The South Begs for Idleness

There’s springtime, so short
between winter and summer you can’t blink
or you’ll miss it flying by. And it is flying,
the spring; everything’s in the air…insects drunk
off the smells of the flowers, the cries
from the stands as a pop-fly comes down
besides your dad’s pickup truck, all the fresh
baby birds trying to figure out their little wet wings.

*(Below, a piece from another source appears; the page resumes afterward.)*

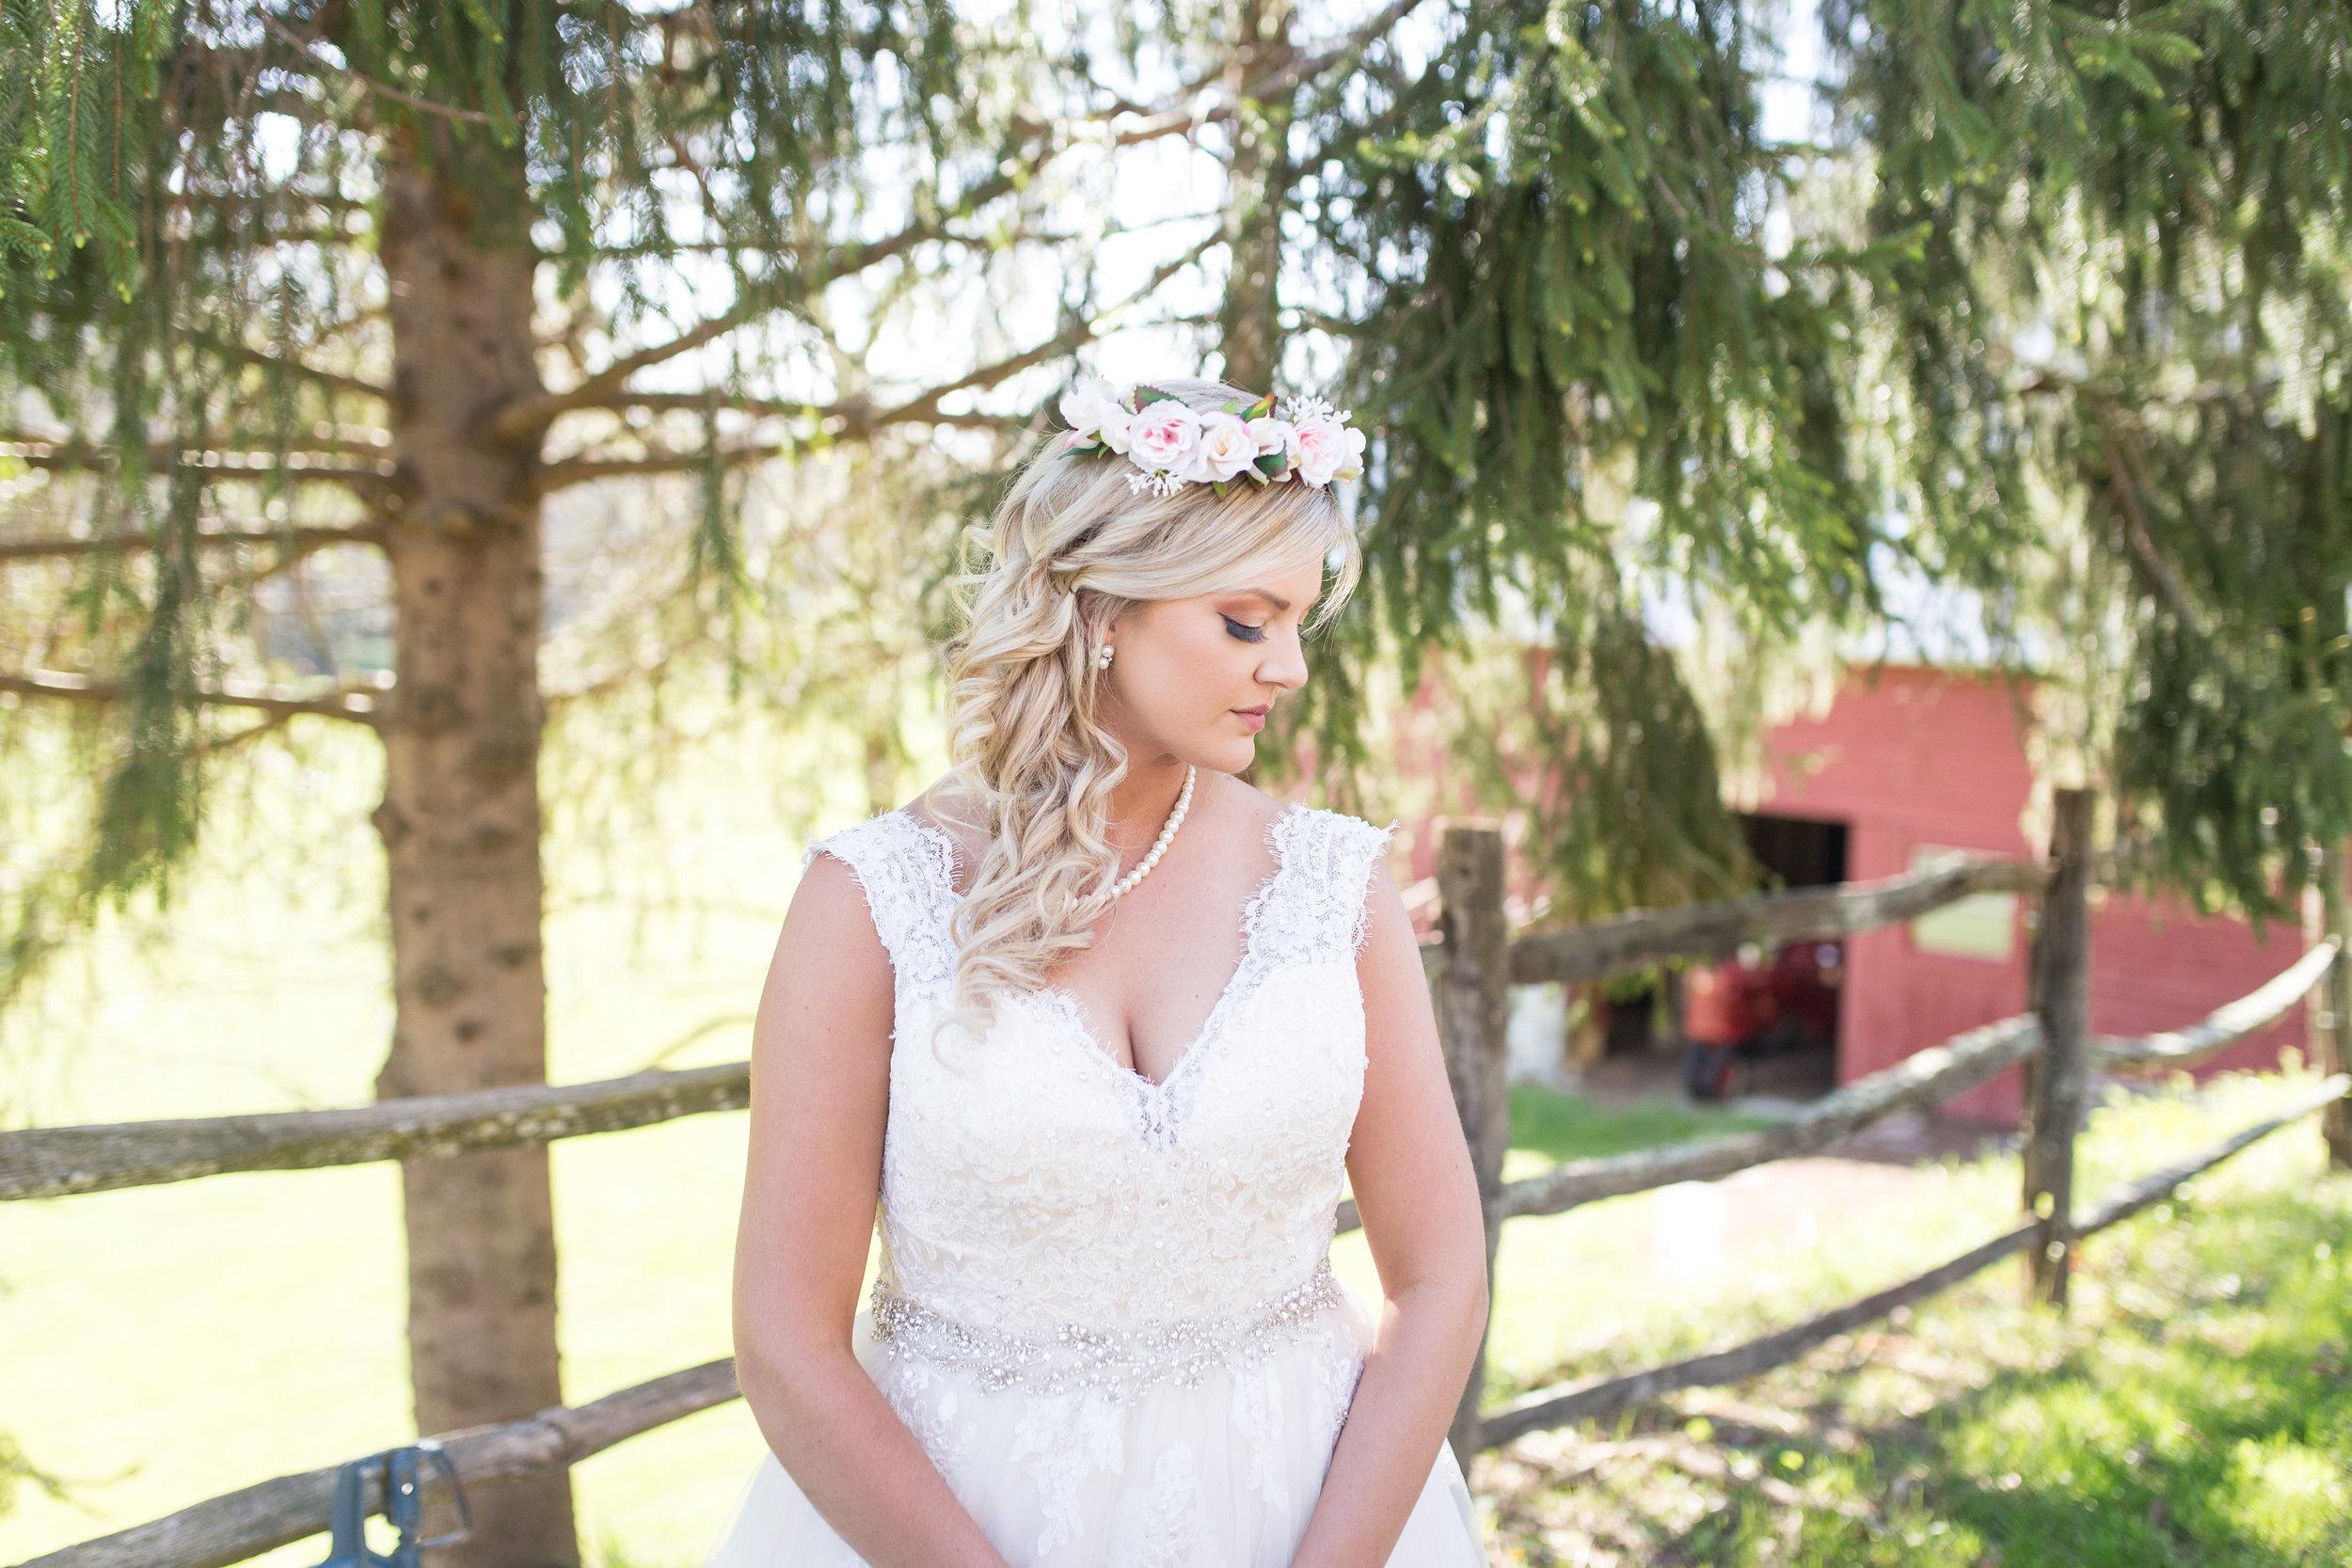 Honeysuckle-Hill-Asheville-Wedding-Venue-Ann-Cordell-Bridal-42.JPG

Wasps chew the wood off the deck for their nests
and you can’t help but stare, hoping they stay
on the cracked wood and rusting nails
and don’t give two shakes towards you.
The South begs for idleness.

Quiet. Long lazy, hazy, summer
days, the kind that make you sweat
as you open the door. Hot wind
rustles through magnolia leaves and lifts
sun-colored layers of pollen off in waves.

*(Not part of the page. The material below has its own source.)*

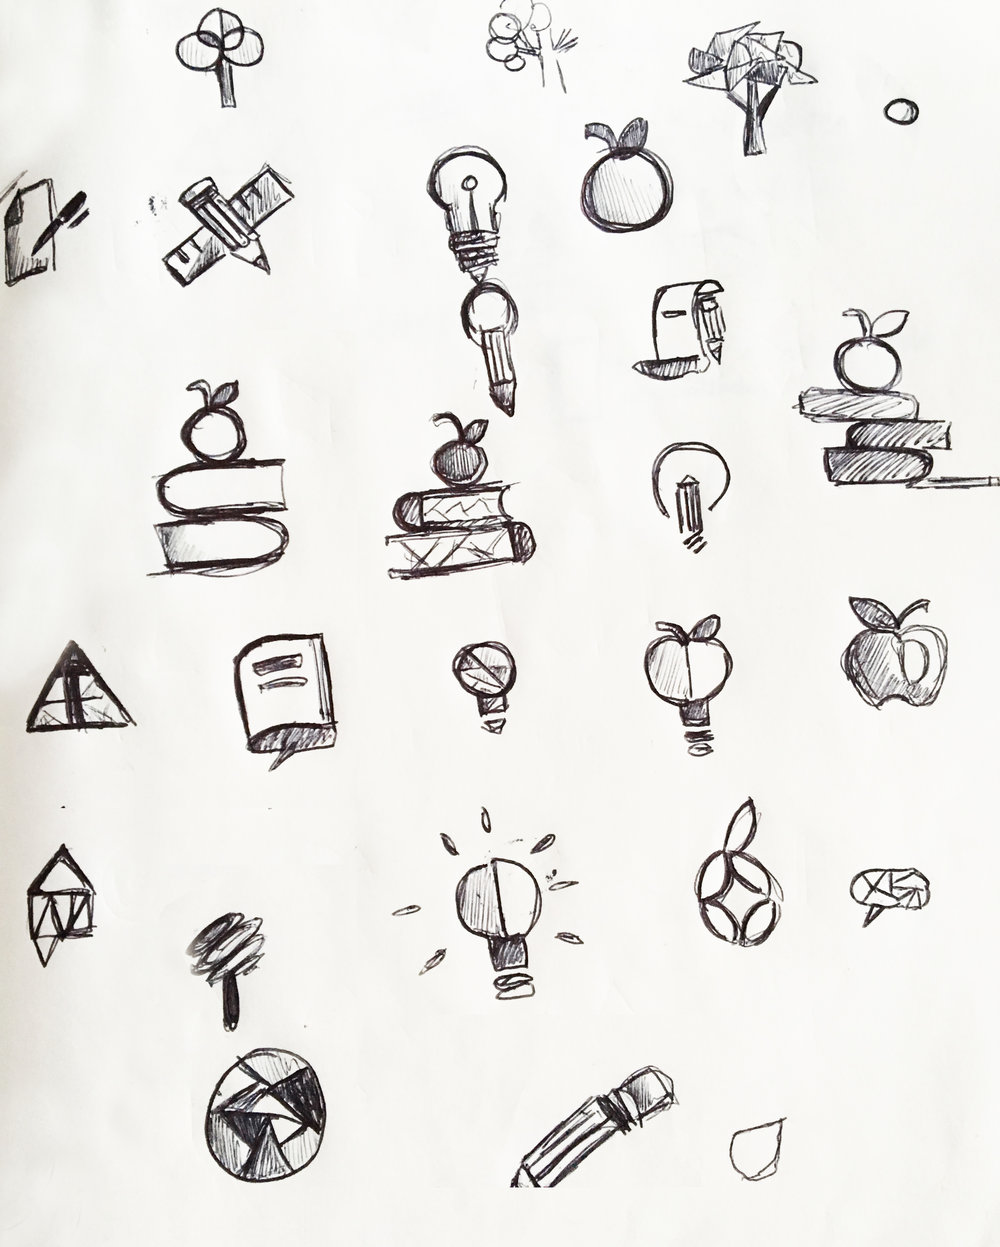 KS_drawing_02.jpg

In those peace-filled summer nights, the ones
that only start to cool after the moon has climbed
the sky, when there’s nothing else to do
but regard the moths fluttering towards
porch-light, the weight of bygone hoopskirts
and mint-juleps and the not-so-distant remnants
of a supper of fried squash and okra are all that’s needed
to listen to the drawling voice that begs
a few more minutes doing nothing.

Well, it’s the first new bit I’ve written in a while that I’m feeling some confidence about. Then again, it’s only been a little over a month since I’ve been back home (and only a week or so since it really started to feel like true Southern summer), so there’s that.